You are required to withhold and pay FICA (social security and Medicare) taxes if your household worker earns cash wages of $2,000 or more (excluding the value of food and lodging) during the calendar year (amount is for 2016 and 2017; call for threshold amount for other years). If you reach the threshold, the entire wages (not just the excess) will be subject to FICA. However, if your employee is under age 18 and the services are not the employee’s principal occupation, you don't have to withhold FICA taxes. For example, there is no FICA tax liability for the services of an employee, who is a student younger than 18 years old and babysits or mows the lawn on a part-time basis. On the other hand, if the employee is under age 18, and the job is the employee’s principal occupation, you must withhold and pay FICA taxes when the threshold is exceeded.
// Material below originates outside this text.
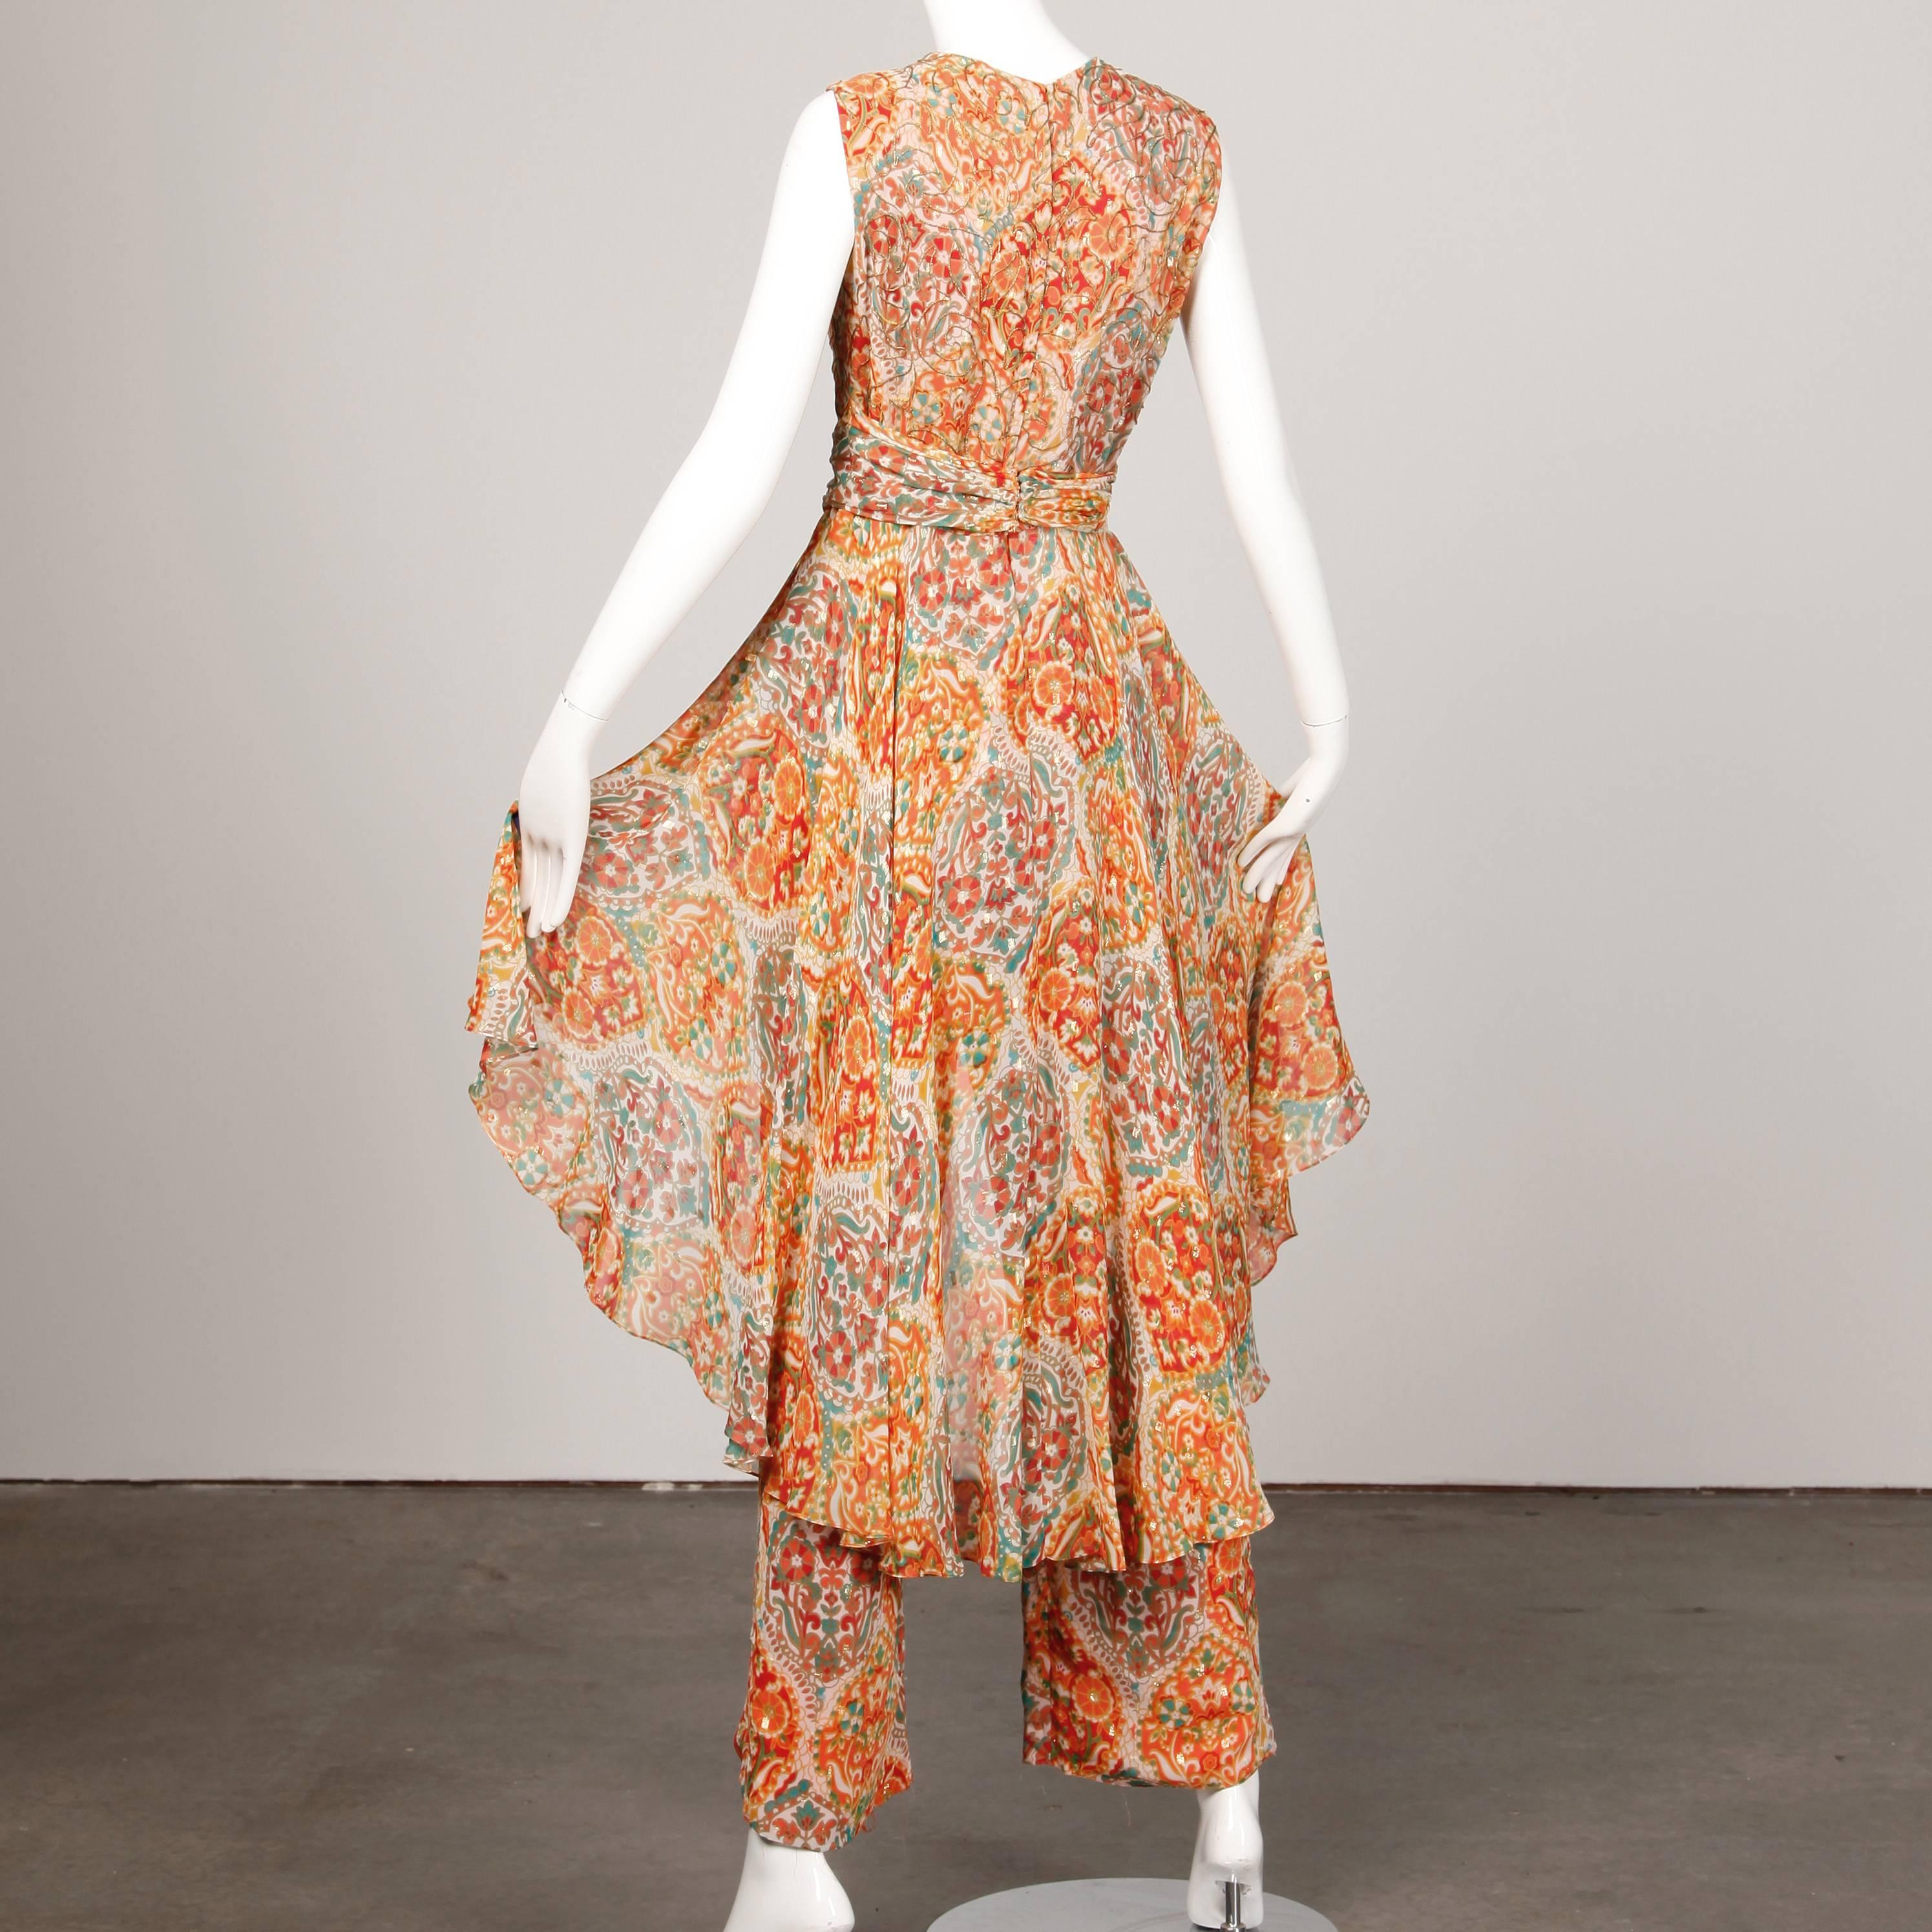 Oscar de la Renta 1960s Vintage Metallic Paisley Print Jumpsuit Dress with Skirt 1

If there is some uncertainty as to whether your household employee’s earnings will be under the withholding threshold, you should withhold the FICA from the beginning of the employment. If it turns out that the threshold is not met, then the withholding can later be refunded to the employee. On the other hand, if you did not withhold initially and the employee’s wages do reach the threshold, make up amounts can be withheld from the pay later on. This may create a problem in that the employee won’t appreciate large unexpected withholding amounts from his or her subsequent pay. You have the option of paying the FICA withholding yourself, but it must be imputed as part of the employee’s payroll.

In addition to withholding the employee’s share of the FICA, you, as an employer, are responsible for paying a matching amount. The FICA tax is divided between social security and Medicare. The social security tax rate is 6.2%, and the Medicare tax rate is 1.45%. These rates apply to both the employee and employer for a total tax rate of 15.3%.

Example for 2015: You pay your employee $500 a week and do not withhold income tax. You must withhold a total of $38.25 ($500 x 6.2% plus $500 x 1.45%) for your employee’s share of FICA. Thus, your employee’s net paycheck would be $461.75 ($500 - $38.25). In addition, you must match the $38.25 for a total FICA tax of $76.50.

While unlikely that the annual compensation of any one of your household employees would exceed $200,000, you should be aware that in the event that it does, the employee’s share of the Medicare tax rate increases to 2.35% of the income over $200,000 for that year. The employer’s Medicare tax rate is not increased.

As an employer, you are also required to pay FUTA (federal unemployment) taxes if a total of $1,000 or more in cash wages (excluding the value of food and lodging) is paid to your employees in any calendar quarter of the year. This tax (maximum rate is 6.2%) applies to the first $7,000 of wages paid.

As a household employer, you generally are not required to file any of the usual employment tax returns that a business must file. Instead, obtain an employer identification number (EIN) from the IRS and include payment with your individual tax return (1040) using a Schedule H. However, if you own a business as a sole proprietor in which you have employees, you may include the taxes for your household worker(s) on the FICA and FUTA forms (Forms 940 and 941) that are filed for your business. In that case, the EIN from your sole proprietorship is used to report the taxes for your household employee(s).

You are also required to provide your employee with a Form W-2, if the employee’s wages are subject to FICA or income tax withholding, and file the W-2 with the Social Security Administration. It is also your responsibility to file the appropriate employment-related forms for your state of residence. And while not a tax matter, those individuals hiring a household worker must verify that the employee can legally work in the U.S., and then complete and retain the U.S. Citizenship and Immigration Services’ Form I-9.

Generally, a deduction is not allowed on your income tax return for the household employment taxes paid. However, if the wages paid to a household worker are for qualifying medical care of yourself, your spouse or dependents, or if the payments are eligible for the credit for child and dependent care expenses, you may include your portion of the employment taxes (in addition to the wages) when figuring the medical deduction or child/dependent care credit.